Cousin Hepzibah shook her head. “Not for years. It was
hard getting it up and down the stairs, so I didn't replace it when it broke.”

“I'll unpack ours first thing tomorrow, then,” said Mom.

“Oh, that reminds me. . . .” I spotted the broom in the corner behind the door and brought it over to Cousin Hepzibah. “What's the story with this?” I asked her. “Everybody kept wanting to buy it.”

Cousin Hepzibah put down her potato and her knife and held out her hand. “Oh, my. This takes me back,” she said with a faraway smile. “Where did you find it?”

“In the attic. I was using it to sweep out the truck, and then at the flea market, people kept wanting to buy it. You wouldn't sell it, would you?”

“Sell it? No, no. Not that broom. But of course it's up to you. It's yours now.”

“Mine?”

“Oh, yes. I'm far too old to be running around with a thing like that.” She smiled and put the broom back in my hand, closing my hand around the broomstick and patting it. “It's time for you to have it.”

“I . . . Thank you, Cousin Hepzibah.”

“Most of the things here will be yours, sooner or later,” said Hepzibah.

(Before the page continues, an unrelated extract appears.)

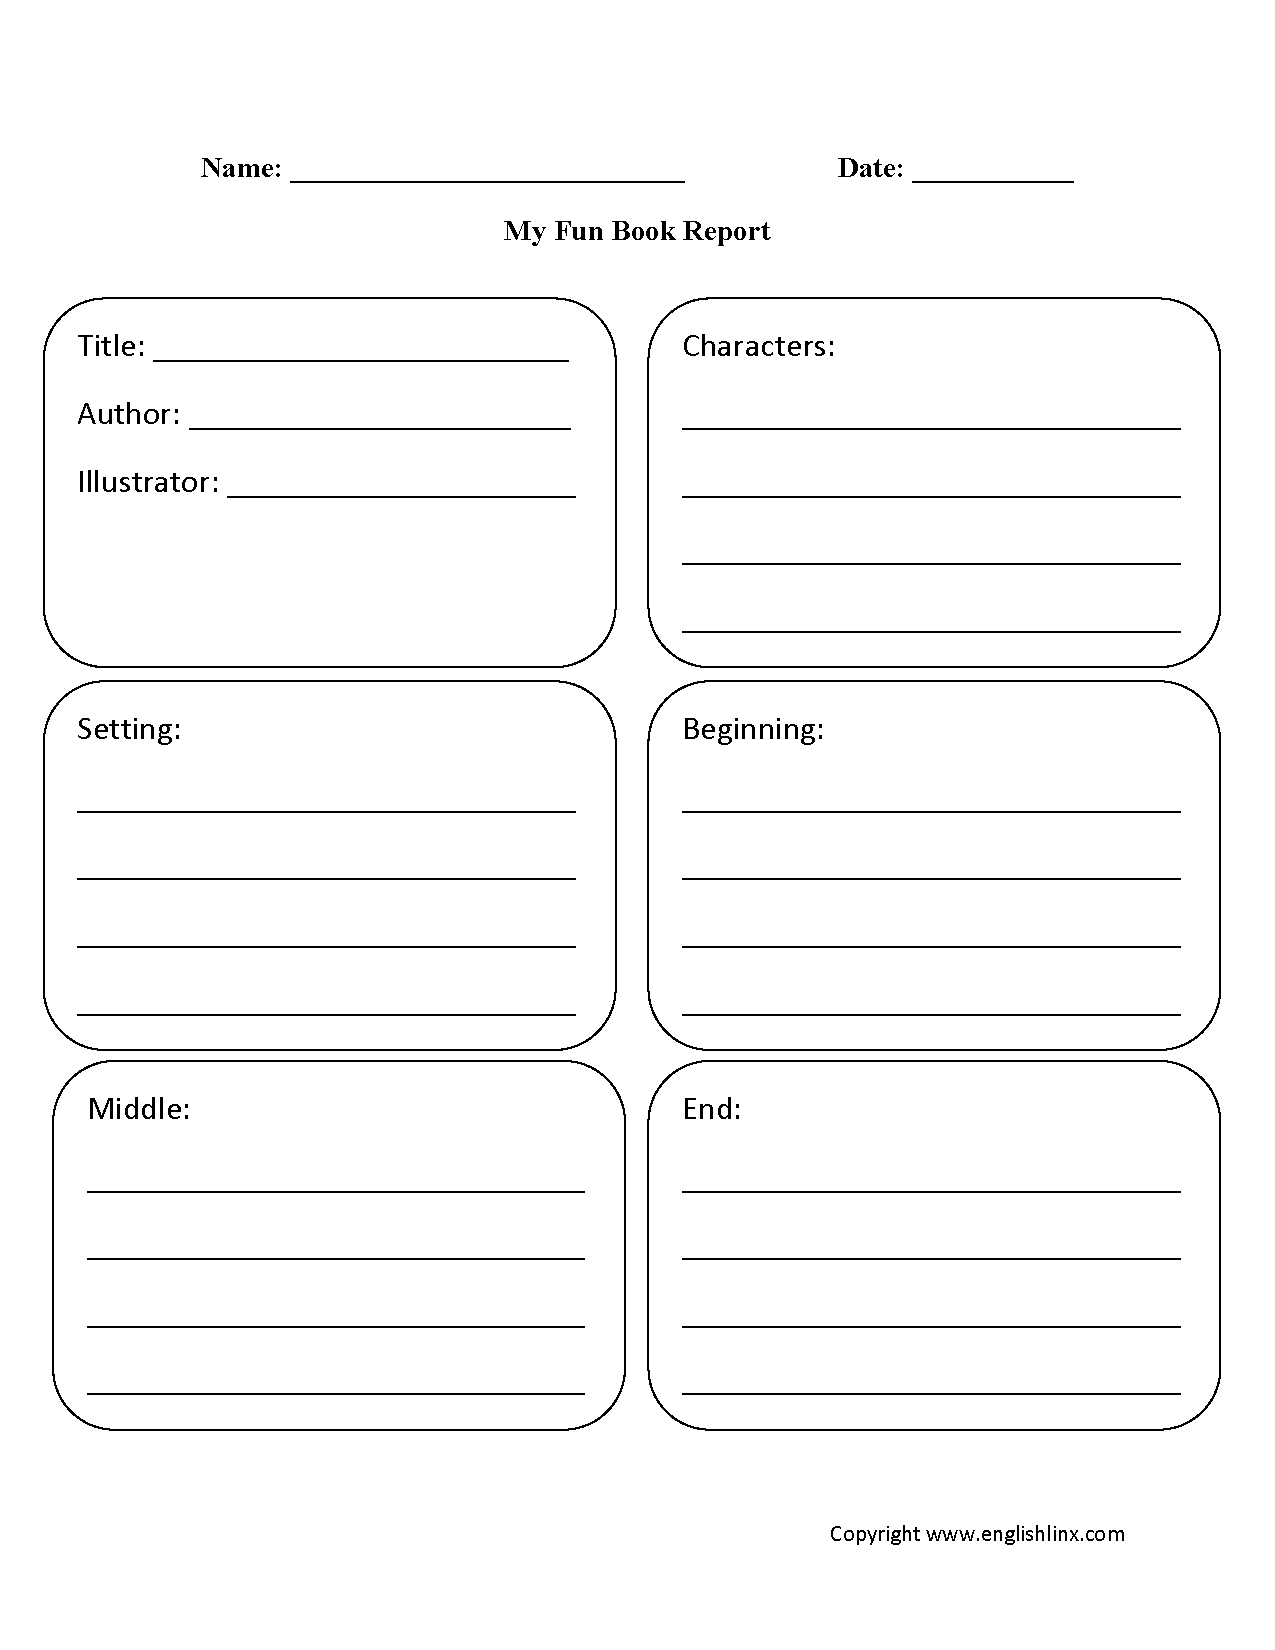 011 Biography Book Report Template Ideas My Formidable For Intended For Book Report Template 2Nd Grade

“Much, much later, I hope,” said Mom.

“I rather hope so too.” Cousin Hepzibah picked up her potato and started paring again, the peel falling away in one long, narrow, curving ribbon.

• • •

That night, the ghost in my room was Kitty. She threw herself
on my bed, sending up puffs of dust from the curtains. I know ghosts aren't supposed to have bodies, and Kitty didn't exactly—if you tried to hug her, your arms went right through her. But she could move things. She was particularly good with cold drafts and liquids; for weeks after that conversation about me living in a haunted house, Keisha kept shivering in the hallways and Ava Frank's milk spilled all over her lunch, over and over. Kitty did worse things too, sometimes; I was pretty sure when Ava's friend Ellie tripped and sprained her ankle after dropping my backpack in a slush puddle, it wasn't an accident.

One thing Kitty didn't do, though, was talk. That was okay. I knew her well enough to understand her anyway.

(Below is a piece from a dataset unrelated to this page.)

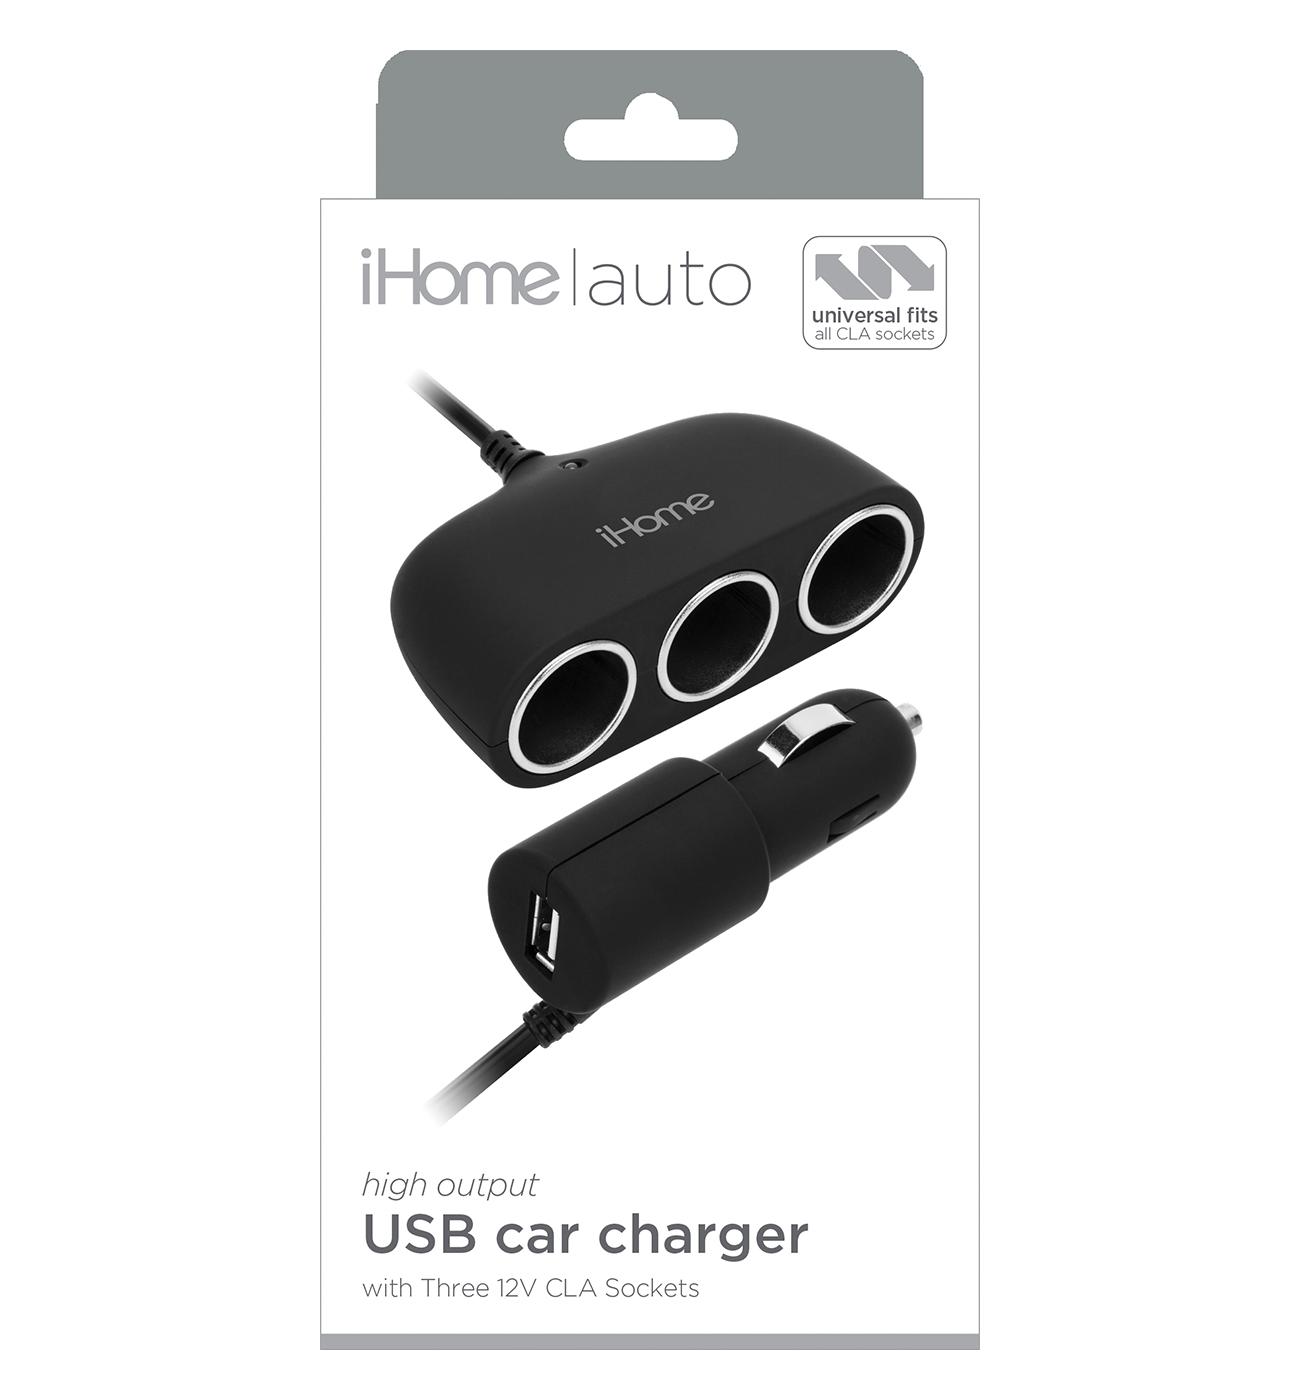 iHome Auto USB Car Charger - Black; image 1 of 2

I was right: She had been listening to what Cole Farley said on the bus, and she didn't like it one little bit. I could feel the anger coming off her in waves. It was like standing too close to a barbecue on a windy day.

“I know he's a jerk, Kitty, but please leave him alone,” I begged. “He's already calling me spooky. If you mess with him, it'll make things worse.”

I could tell Kitty wouldn't mind teaching Cole a lesson, or his friends, either, but she reluctantly agreed not to bother them—for now. There were other things worrying her. She didn't think Mom should have left me alone at the flea market, and she didn't think I should talk to strangers there, especially not weird, creepy strangers. She thought I should probably just stay home. She wished I
could
stay home, but home was gone. She hated leaving our old house. It wasn't the same here—she hadn't spent much time in this place before, it wasn't
hers
, and it
made her feel weaker and somehow scattered. She liked Cousin Hepzibah, though.

I asked her about the other ghost, but she didn't seem to understand me.

“But you're a ghost yourself, Kitty!”

She gave me her patient impatient look, the one that says “My baby sister is talking like a silly little baby.” With a sigh that fluttered the bed curtains, she floated off the bed and sank slowly into the painting over the fireplace. I got up and went over to it to look for her, but I couldn't make out much, just glimpses of a river through shadowy trees.

I wondered where Kitty went when she wasn't here. Was she in the picture now, behind a tree or over a hill, out of sight? Was she in the walls? Was she nowhere at all?

I felt as lonely as I had when she'd first died.